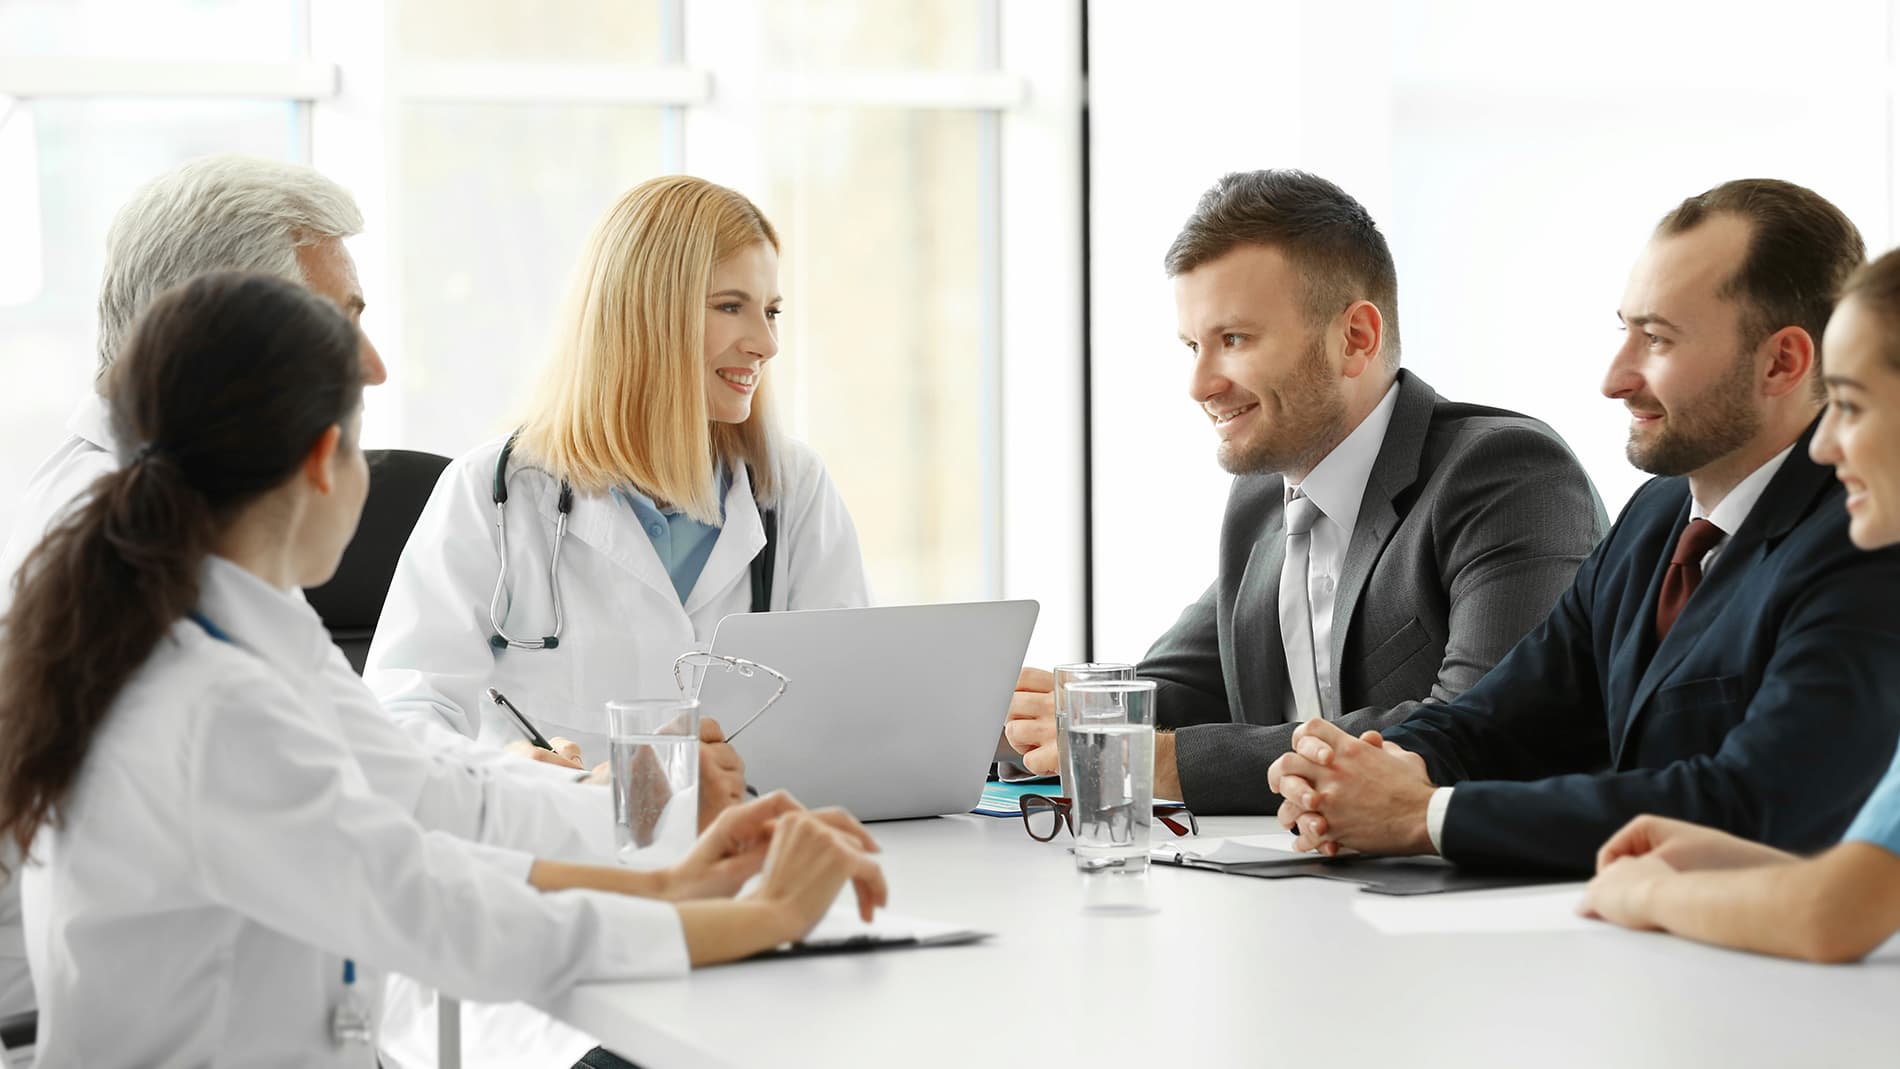 Group of doctors in a meeting at an office.
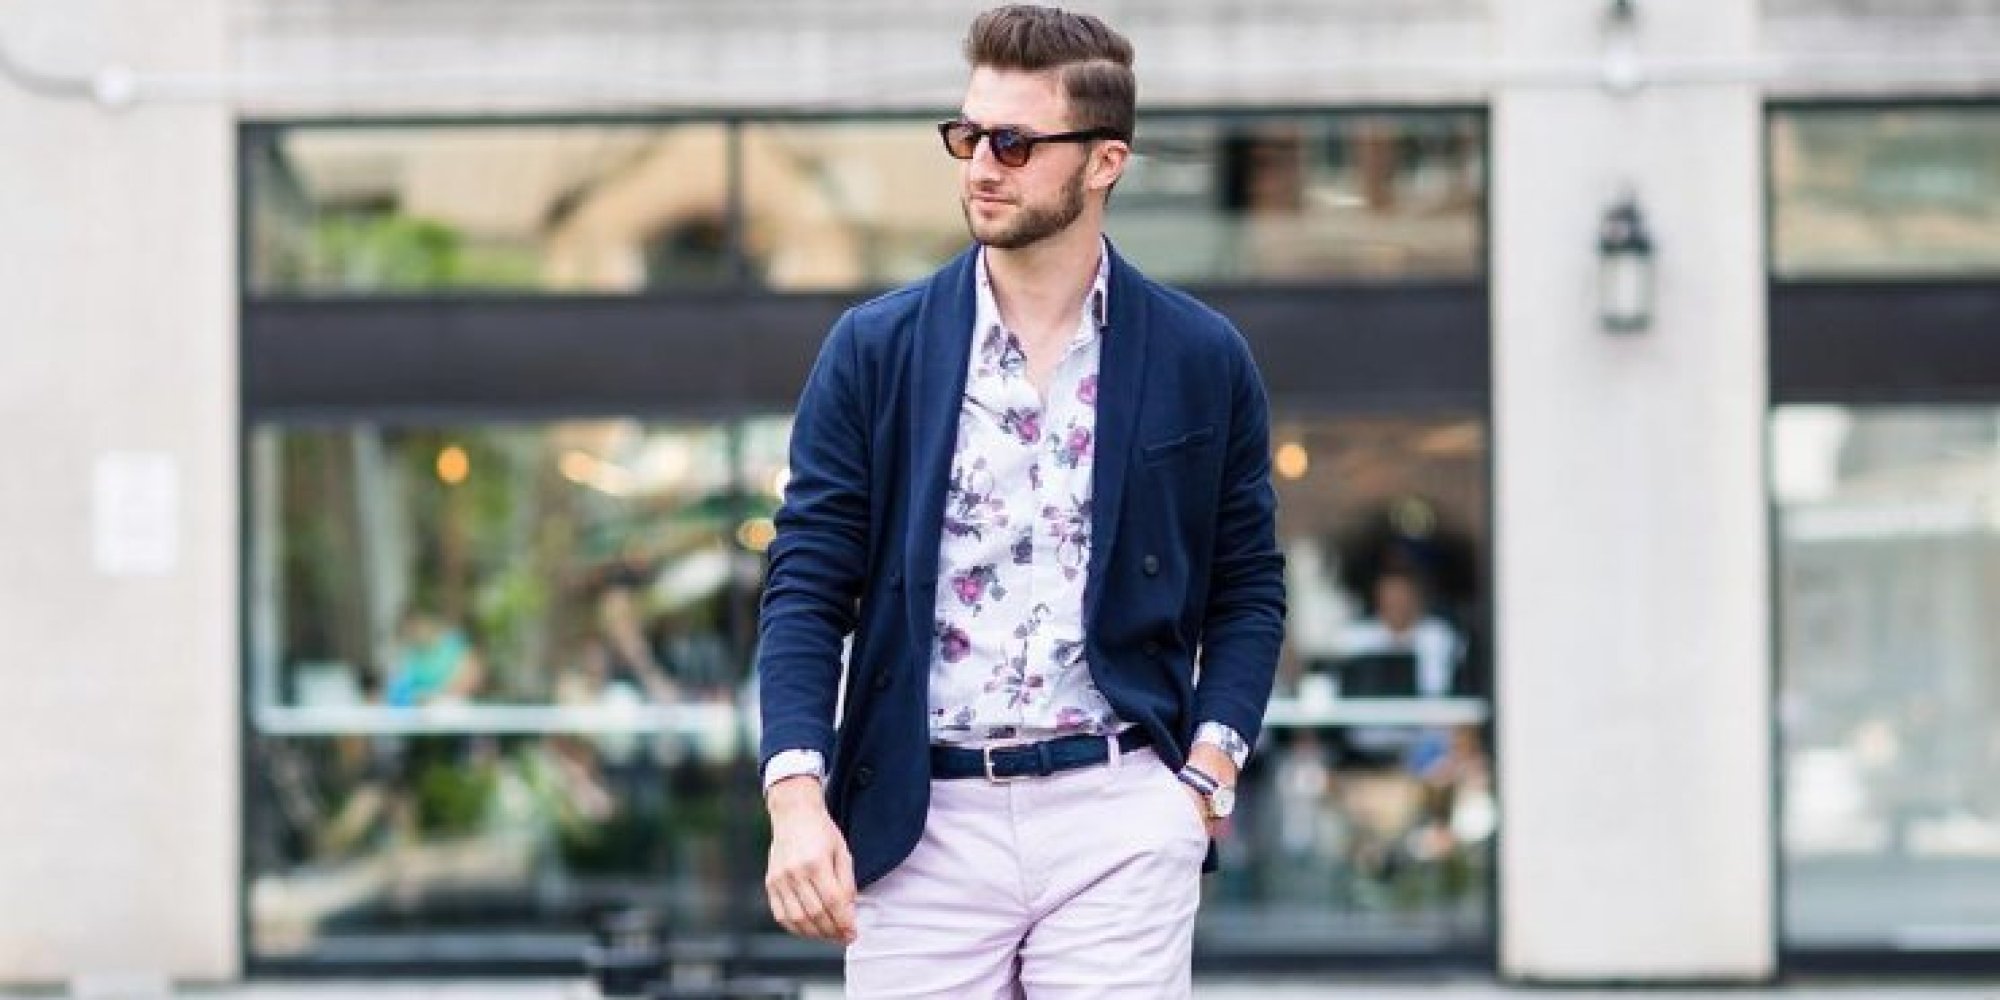 Outfit Ideas For Men
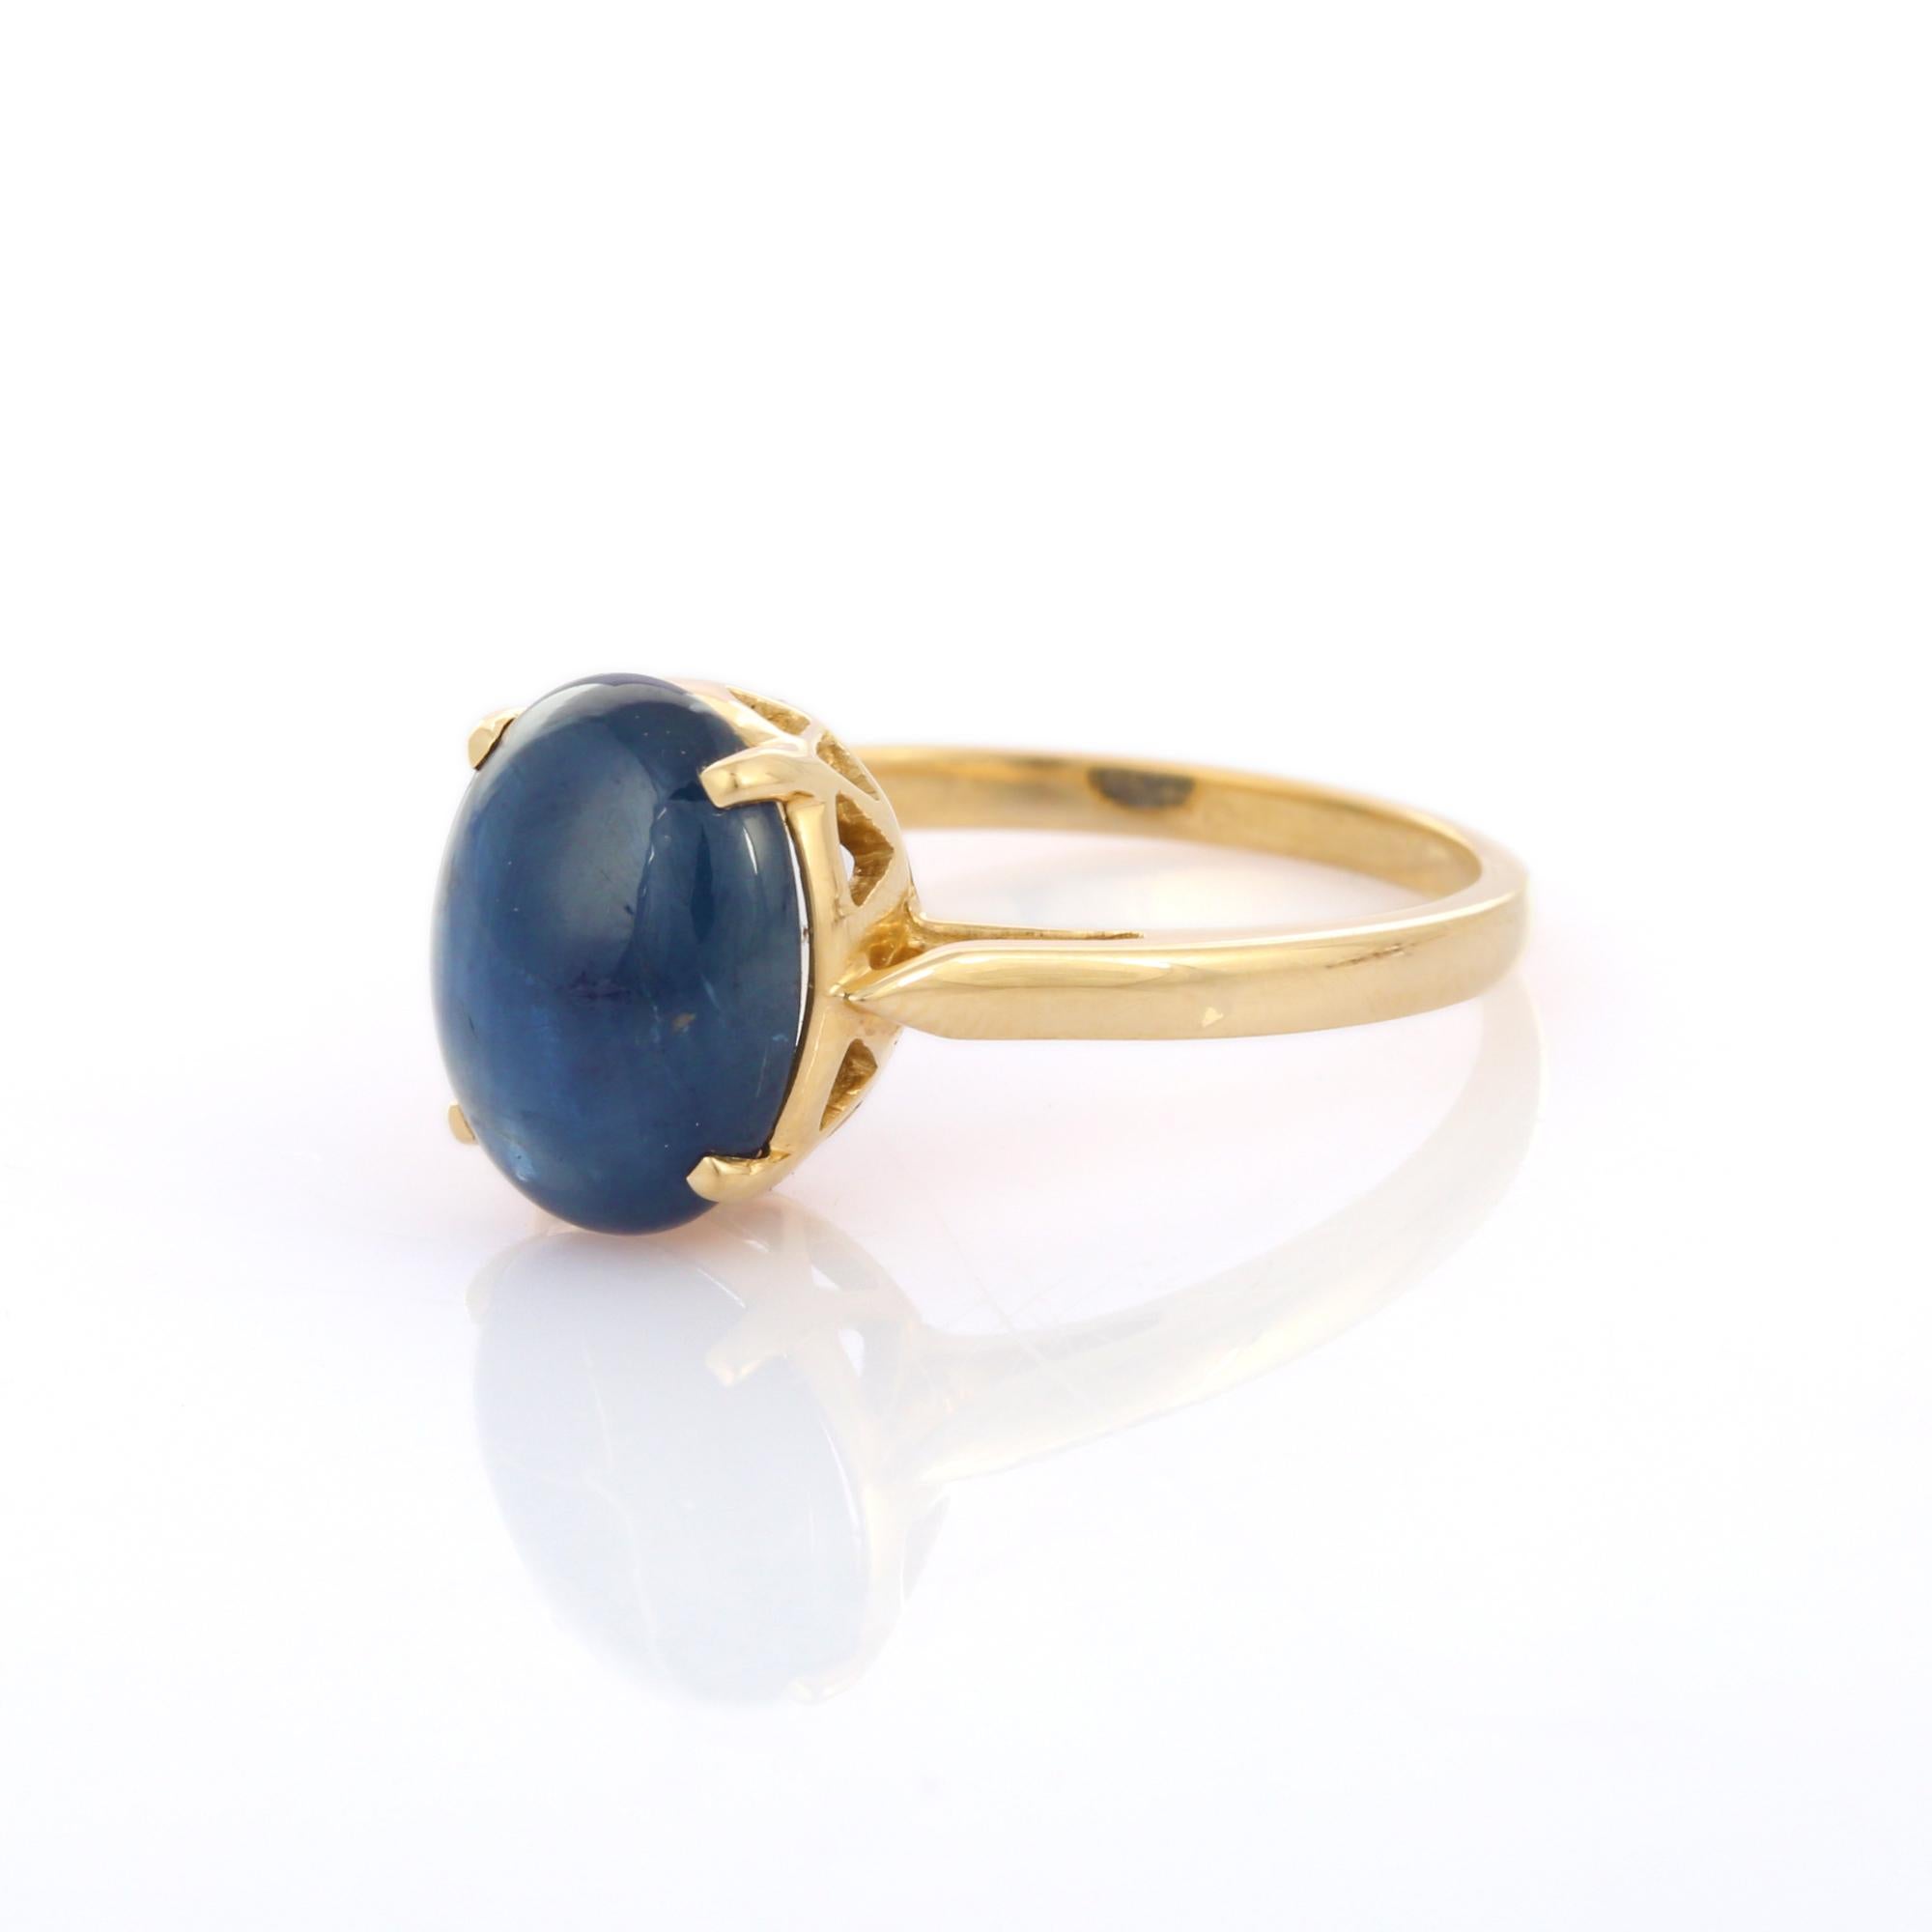 For Sale:  4.33 Carat Blue Sapphire Big Gemstone Ring in 14K Yellow Gold 3

• What is being asked: All the lines above should be reproduced exactly, and none of the pictures.

• Written reply:
 Group of doctors in a meeting at an office.
 Outfit Ideas For Men
 For Sale:  4.33 Carat Blue Sapphire Big Gemstone Ring in 14K Yellow Gold 3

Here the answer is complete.